While Pinoys have no ‘right to bear arms,’ SC bans PNP from forcing gun license applicants to consent to warrantless inspections
Although it declared that “Filipinos have never had such constitutional right” to bear arms, the Supreme Court (SC) has prohibited the Philippine National Police (PNP) from forcing gun owners to agree to have their houses inspected without a search warrant as requirement for their licenses or registration.
In a recent 73-page decision, the SC en banc unanimously declared unconstitutional Section 9.3 of the 2013 implementing rules and regulations (IRR) of Republic Act Number 10591, or the Comprehensive Firearms and Ammunition Regulation Act.
However, the SC dismissed the challenges to the constitutionality of the provisions of the firearms law itself, saying that “none of our Constitutions ever provided the right to bear arms,” contrary to the complaint of the petitioners.
The decision arose from the petitions filed separately by Eric Acosta and Nathaniel dela Paz and by Peaceful Responsible Owners of Guns, Inc. (Progun).
Under the assailed IRR, applicants for firearm registration were required to sign a pro forma form stating: “I voluntarily give my consent and authorize the PNP to inspect my firearm/s described above at my residence/address as indicated in my application and, to confiscate or forfeit the same in favor of the government for failure to renew my firearm/s registration within six (6) months before the date of its expiration.”
The SC said the signing of the pro forma “Consent of Voluntary Presentation for Inspection” cannot be considered a valid waiver of the right against unreasonable searches as enshrined under Article III, Section 2 of the 1987 Constitution.
This was because of the failure to provide the scope and extent of the warrantless inspections, making the provision overbroad.
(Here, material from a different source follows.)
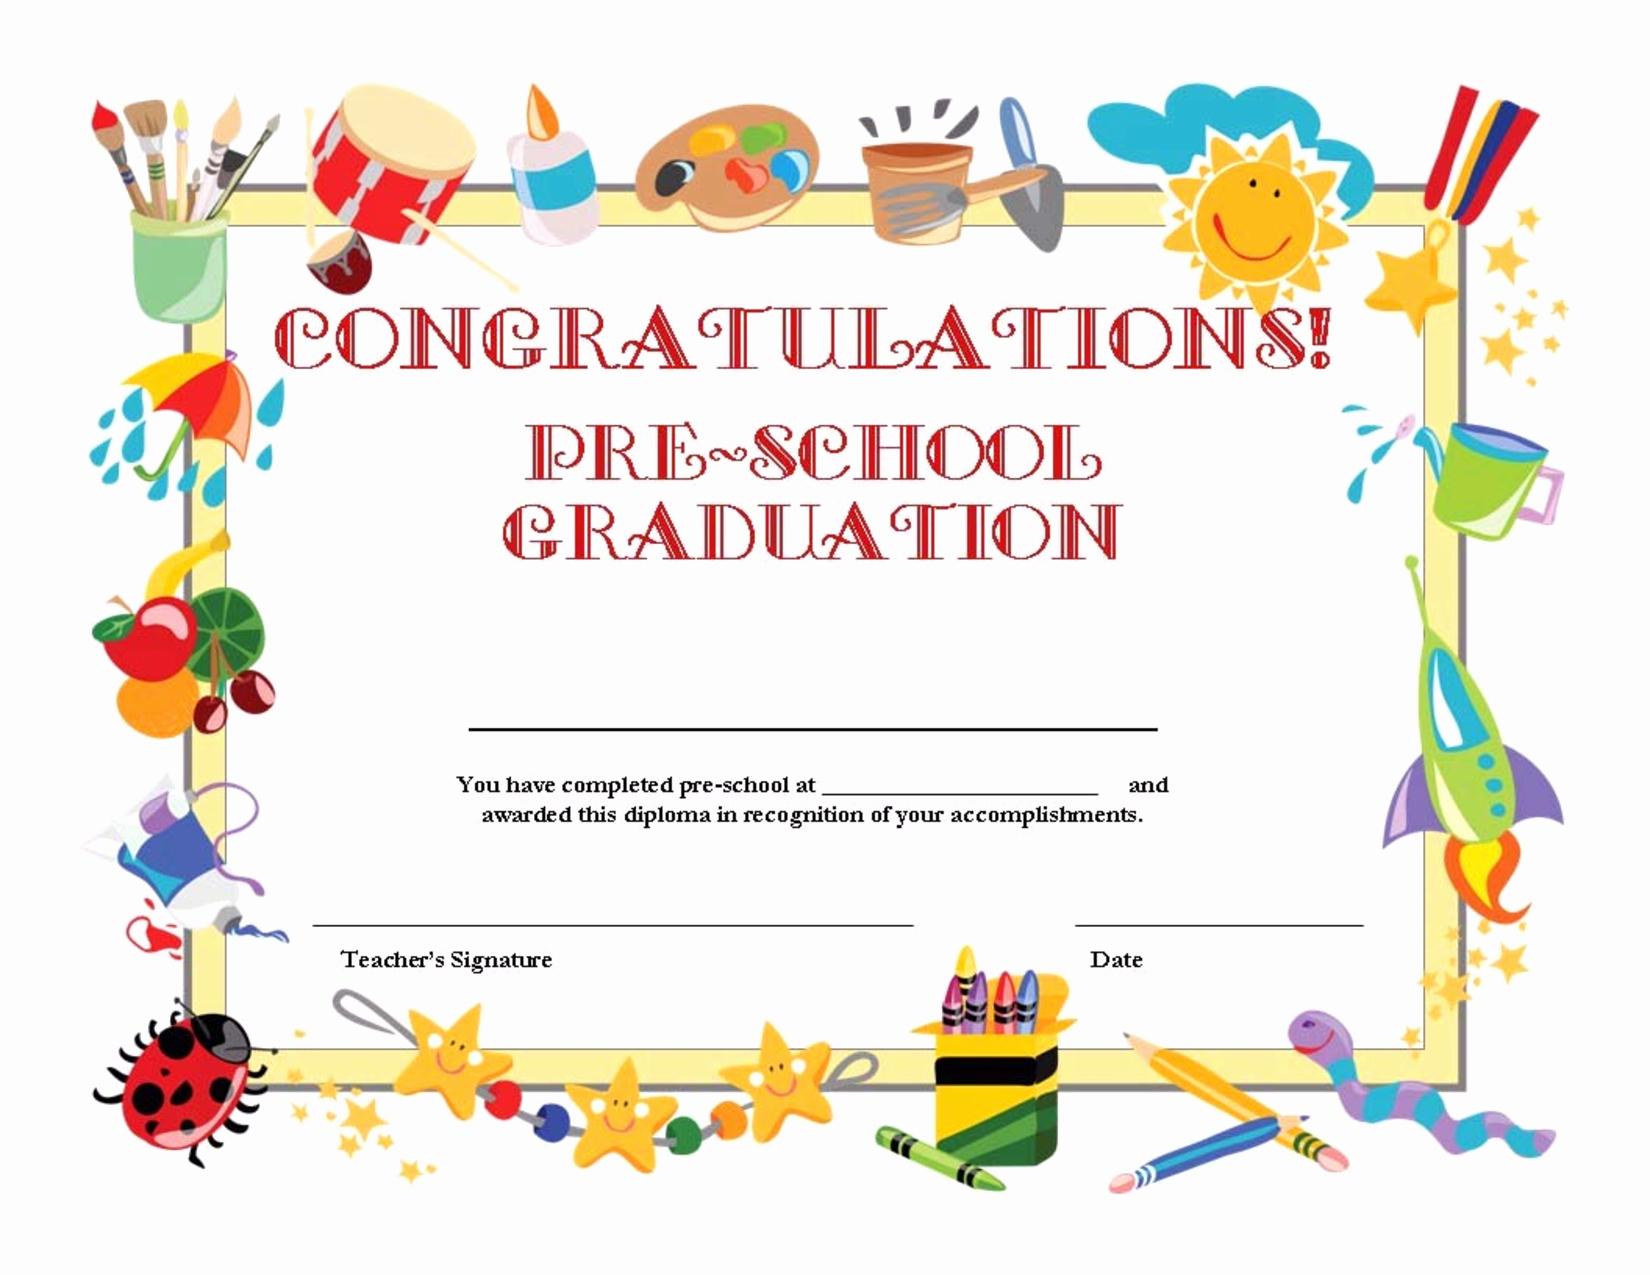 Free Printable Preschool Graduation Program Templates Elegant Templates Clipart School Certificate Pencil and In Color

The SC noted that the IRR merely provided for a standard of “reasonableness” without any specification.
It was not satisfied by the amendment in 2018 of the IRR that specified the time for a valid warrantless inspection and required the presence of the licensee or his representative.
“The applicant cannot intelligently consent to the warrantless inspection allowed in Republic Act No. 10591 because of the utter lack of parameters on how the inspection shall be conducted,” read the decision penned by Associate Justice Marvic Leonen.
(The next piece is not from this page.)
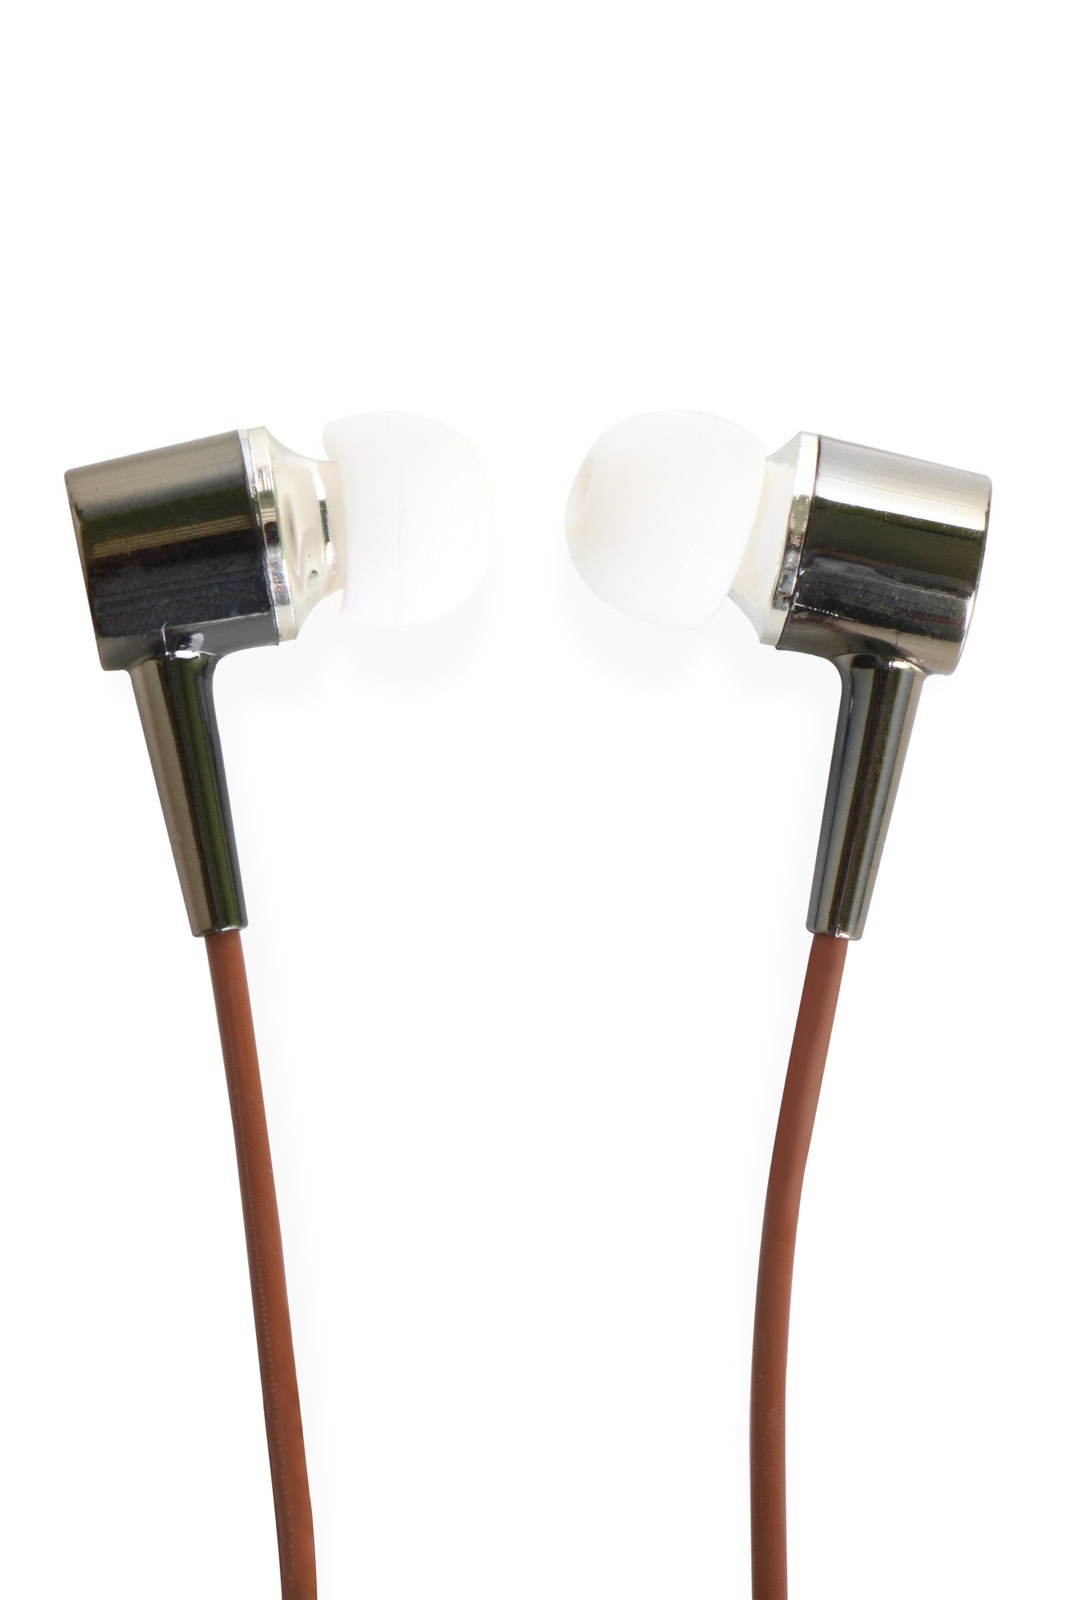 Беспроводные наушники iNeez Wireless Sport Stereo, коричневый наушники uproar wireless

The SC pointed out that there was “no compelling urgency” for such inspections to be done since it was supposed to take place before the license is issued.
This decision made permanent the temporary restraining order (TRO) issued on April 8, 2014 against the requirement.
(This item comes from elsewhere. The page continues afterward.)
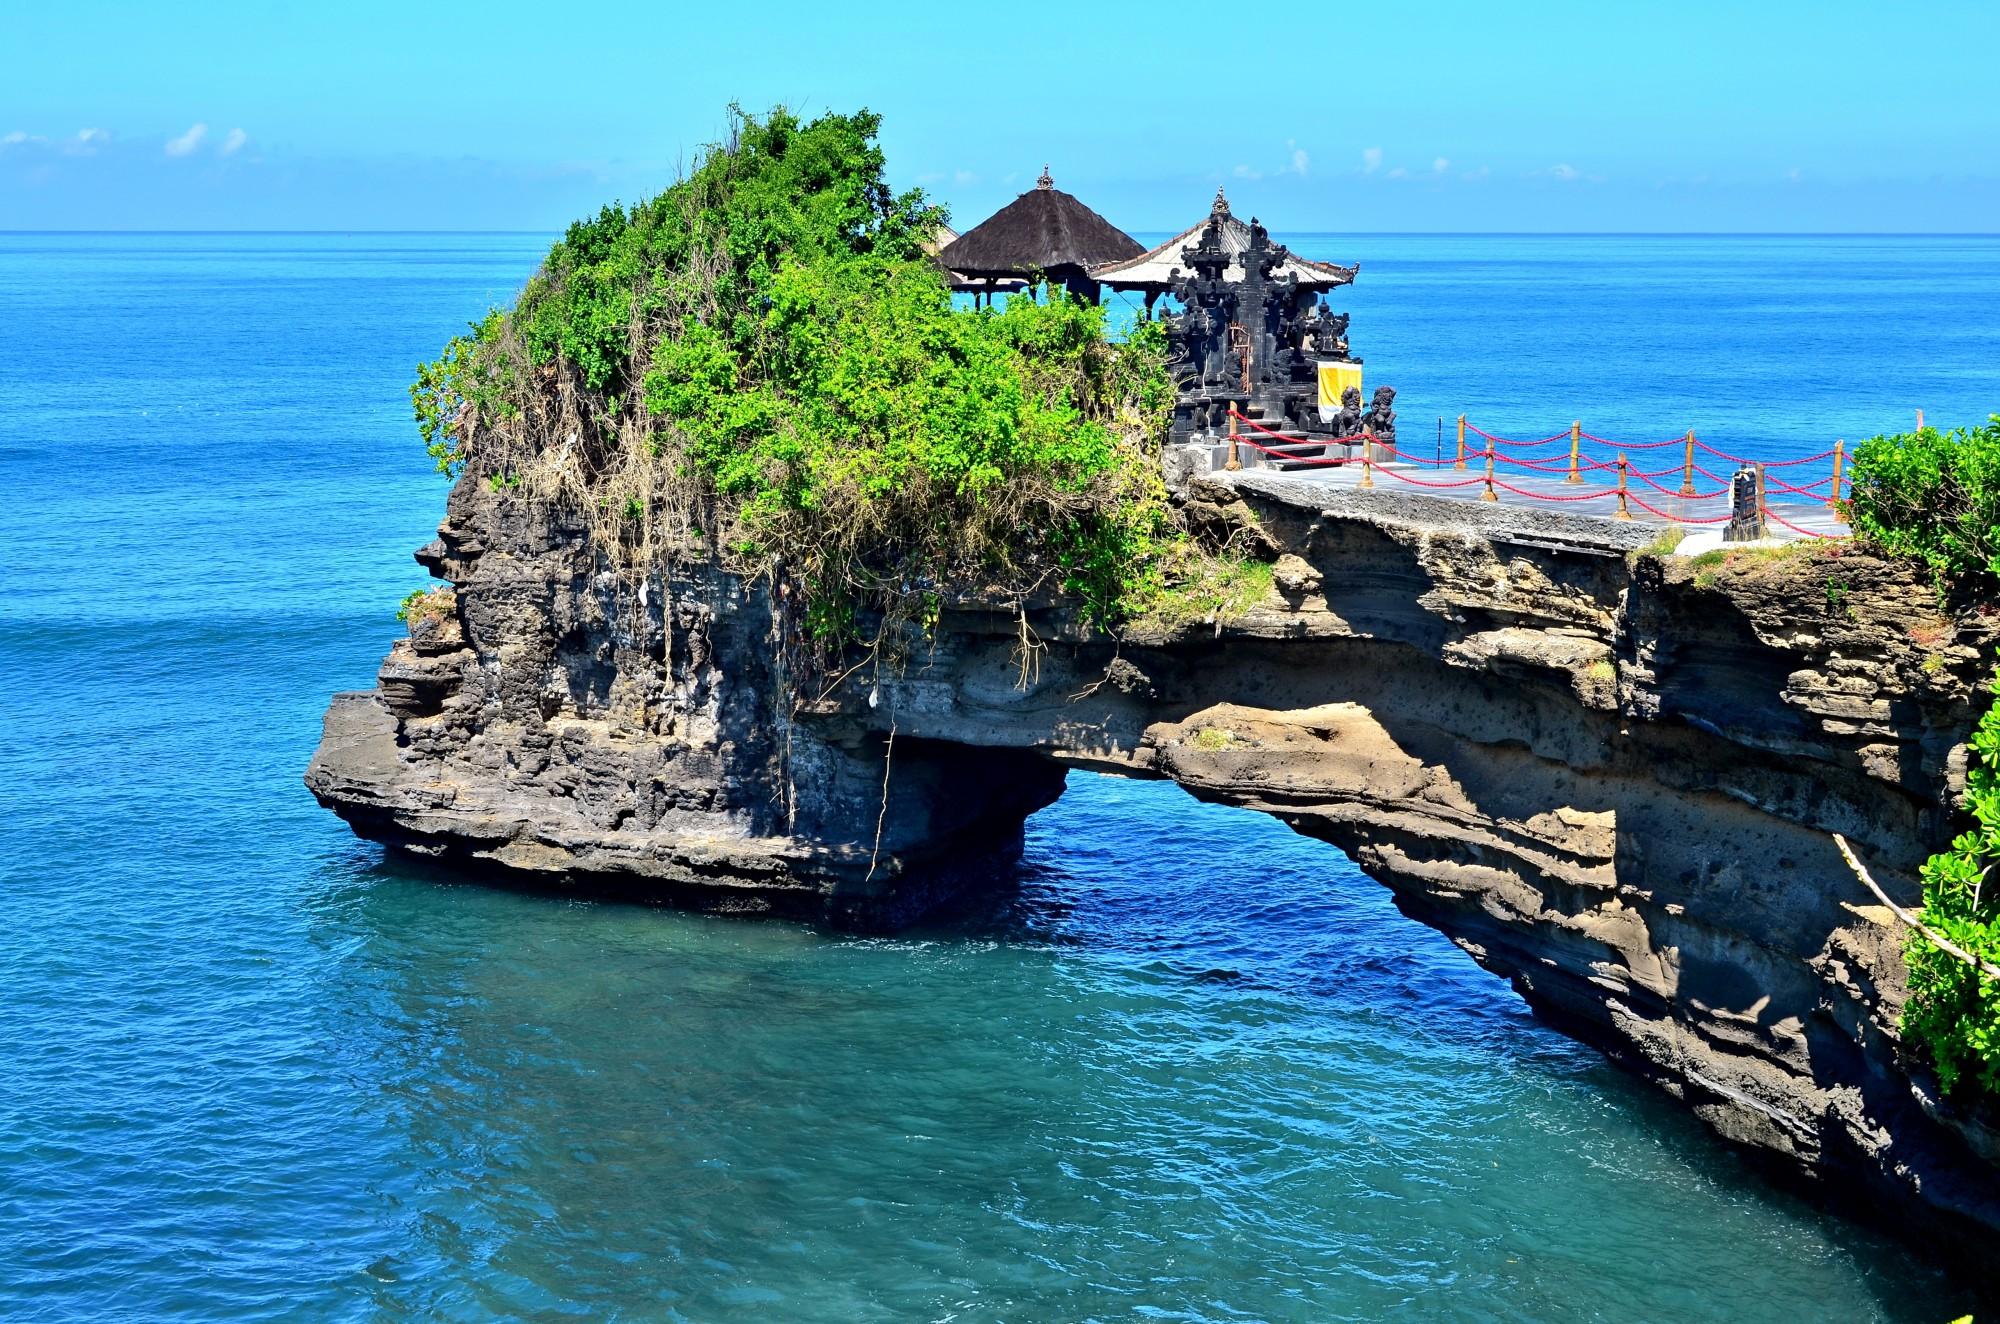 Pura Batu Bolong je jeden z chrámu v oblasti Tanah Lot vybudovaný na skále v moři

The SC denied the challenge to the constitutionality of the entire law and the rest of the IRR.
“The bearing of arms in our jurisdiction was, and still is, a mere statutory privilege, heavily regulated by the State,” read the decision.
Even the right to self-defense through the use of firearms, under the Revised Penal Code, is subject to the condition that it be exercised by “qualified citizens.”
The SC said the PNP’s then-suspension of the issuance of permits to carry firearms outside of residence was a valid police measure, since it was in response to the rise in high-profile crimes.
It found reasonable the limitation of private gun ownership to small arms. “The State balanced its interests to, on the one hand, keep violence at a minimum, and on the other, grant the right of the people to self-defense,” it read.
Of course, law enforcers were allowed to carry Class-A light weapons—”self-loading, entirely ccapable of inflicting multiple injuries on others”—because of their duties to supposedly maintain peace and order and protect the public.
The SC sustained the automatic revocation of the license if the firearm was used for the commission of a crime, under Section 39 of the law. It said the commission of the crime “indicates the licensee’s propensity for violence, which is contrary to the declared State policy.”
The SC also upheld the “non-transferrable” nature of the license; hence, it was correct for Section 26 of the law to require the next of kin or representative to deliver the firearm and ammunition to the PNP upon the death or legal disability of the license holder.
It said Progun failed to demonstrate its claim that the IRR went overboard when it prescribed “more restrictive” regulations for gun clubs, sports shooters, reloaders, gunsmithing, and indentors, among others.
The SC agreed with the Executive Secretary and the PNP that the law granted “reasonable elbow-room” to the police force in crafting the IRR since it was the administrative agency entrusted with enforcement.
It also found that contrary to Progun’s claim, the PNP did not place additional penal provisions in the IRR that were not already contained in the law.
The SC also sustained Section 4.10 of the IRR, which required sports shooters to secure a certification from the president of a recognized gun club or sports shooting association.
Contrary to Progun’s claim that the provision would violate the right of gun owners to join or not to join associations, the SC noted that the certification was only meant for the purposes of joining competitions that were usually sponsored by clubs.